(PROVIDED DATA Opens)

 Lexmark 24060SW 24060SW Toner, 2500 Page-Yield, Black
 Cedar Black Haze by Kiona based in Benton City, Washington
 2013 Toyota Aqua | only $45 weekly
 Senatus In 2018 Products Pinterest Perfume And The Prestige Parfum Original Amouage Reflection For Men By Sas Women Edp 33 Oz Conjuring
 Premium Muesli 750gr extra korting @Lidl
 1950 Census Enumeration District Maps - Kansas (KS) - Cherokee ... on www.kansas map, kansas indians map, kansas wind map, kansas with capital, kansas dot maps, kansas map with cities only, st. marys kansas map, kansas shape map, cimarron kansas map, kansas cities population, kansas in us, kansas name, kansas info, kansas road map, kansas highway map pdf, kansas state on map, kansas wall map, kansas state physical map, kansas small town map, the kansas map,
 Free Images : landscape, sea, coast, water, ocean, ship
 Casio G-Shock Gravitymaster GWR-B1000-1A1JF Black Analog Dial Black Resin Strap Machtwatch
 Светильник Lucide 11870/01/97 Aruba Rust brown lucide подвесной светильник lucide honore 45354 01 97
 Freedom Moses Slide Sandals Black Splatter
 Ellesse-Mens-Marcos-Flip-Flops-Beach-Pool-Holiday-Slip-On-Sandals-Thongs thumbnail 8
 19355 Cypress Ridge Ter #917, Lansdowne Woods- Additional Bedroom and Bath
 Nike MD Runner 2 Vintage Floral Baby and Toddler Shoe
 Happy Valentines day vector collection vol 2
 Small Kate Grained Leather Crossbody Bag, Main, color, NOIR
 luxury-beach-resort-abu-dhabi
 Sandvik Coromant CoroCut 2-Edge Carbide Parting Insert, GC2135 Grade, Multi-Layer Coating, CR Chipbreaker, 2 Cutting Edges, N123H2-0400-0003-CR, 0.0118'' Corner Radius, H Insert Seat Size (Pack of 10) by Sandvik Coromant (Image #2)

(PROVIDED DATA Closes)

# YOUR TASK:
Your answer must be the line containing "19355 Cypress Ridge" and each line after it in the listing above, copied exactly.

# RESULT FOR THIS TASK:
 19355 Cypress Ridge Ter #917, Lansdowne Woods- Additional Bedroom and Bath
 Nike MD Runner 2 Vintage Floral Baby and Toddler Shoe
 Happy Valentines day vector collection vol 2
 Small Kate Grained Leather Crossbody Bag, Main, color, NOIR
 luxury-beach-resort-abu-dhabi
 Sandvik Coromant CoroCut 2-Edge Carbide Parting Insert, GC2135 Grade, Multi-Layer Coating, CR Chipbreaker, 2 Cutting Edges, N123H2-0400-0003-CR, 0.0118'' Corner Radius, H Insert Seat Size (Pack of 10) by Sandvik Coromant (Image #2)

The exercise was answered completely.